The Acre state government itself has acknowledged the case. In a 2020 article on its website, the government commented: "[...] there are some people who insist on saying that Acre does not exist. And then I tell you: how can it not exist?" Another article from 2022 explicitly stated in its title that "Acre exists." In January 2020, the Secretary of Tourism in Acre published a poll on Instagram proposing to sculpt dinosaurs at the state's entrance portal. The state's tourism secretary, Eliane Sinhasique, explained the proposal by noting that "dinosaurs have always been a source of mockery in relation to Acre, when people question whether the state exists."

The meme has also had a significant impact on social media and pop culture.

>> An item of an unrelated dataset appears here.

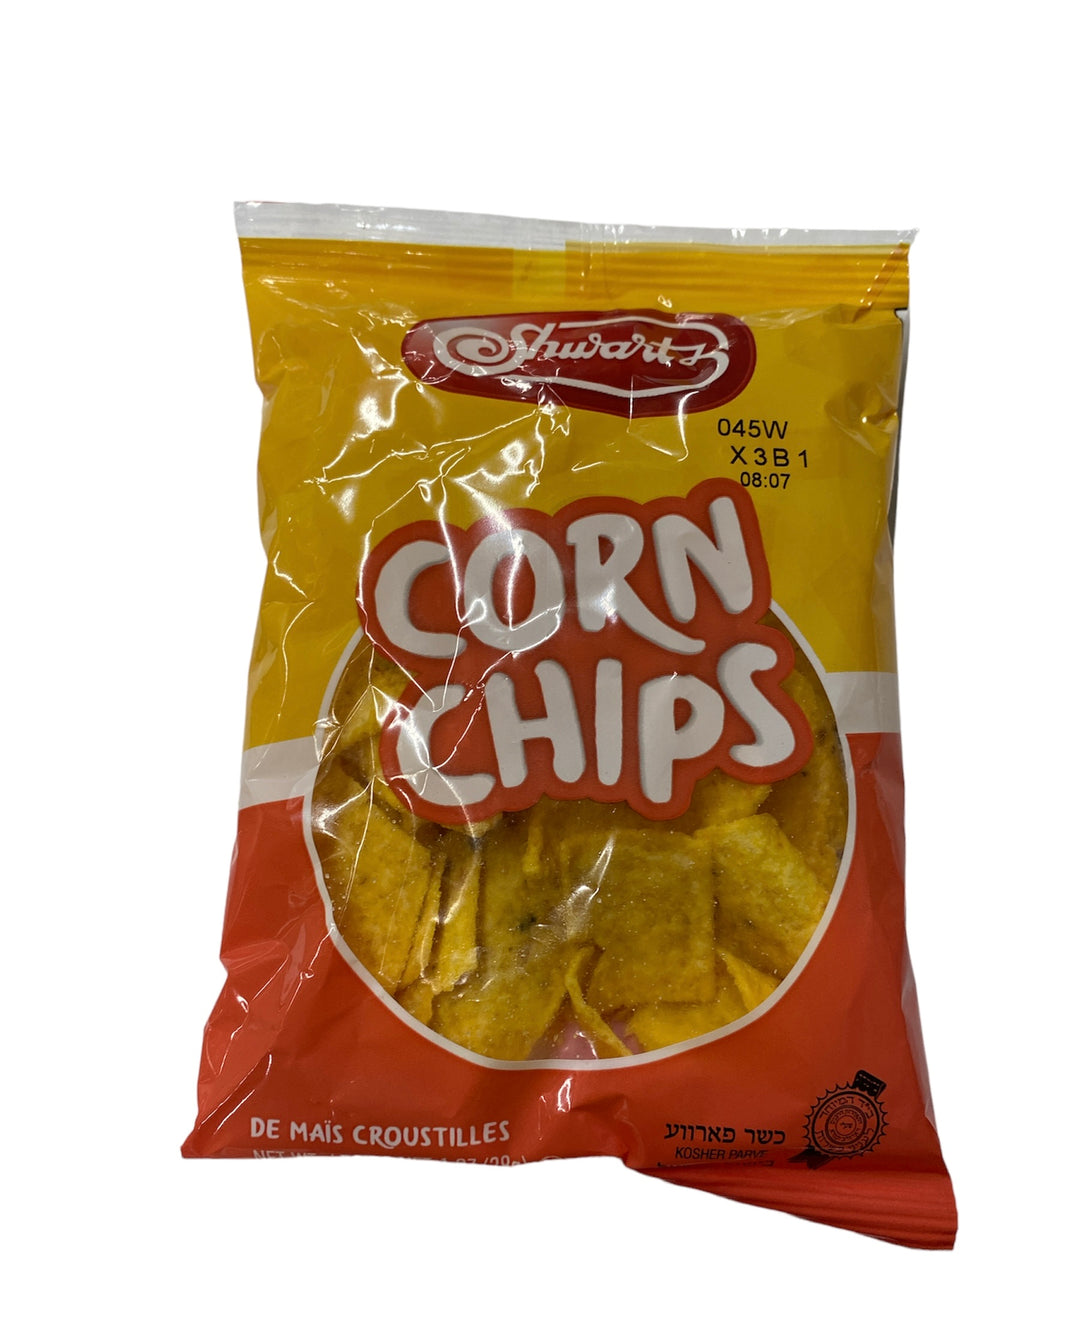 Shwartz, Corn Chips 1 Oz

Ayres Rocha, an anchor for Rede Amazônica, made a statement "proving" that Acre exists during his debut on the national news program Jornal Nacional, generating various memes. In April 2018, "DinoAcre,” a two-meter inflatable dinosaur costume worn by cinematographer Moisés Santos in response to the dinosaur memes, made headlines and became highly popular on the Internet. Additionally, "This Is Acre," a parody of the song "This Is America" based on local legends, achieved viral success. Its creators were inspired by jokes surrounding the non-existence of the state.

The meme has even been used by the Secretary of Tourism of the Government of Brazil, who proposed placing dinosaurs on the entrance sign to the state as a tourist attraction. The videographer Moisés Santos also used the joke of the presence of dinosaurs in the state to dress in a 2.20-meter-tall dinosaur costume, a fact that had a great impact on social networks.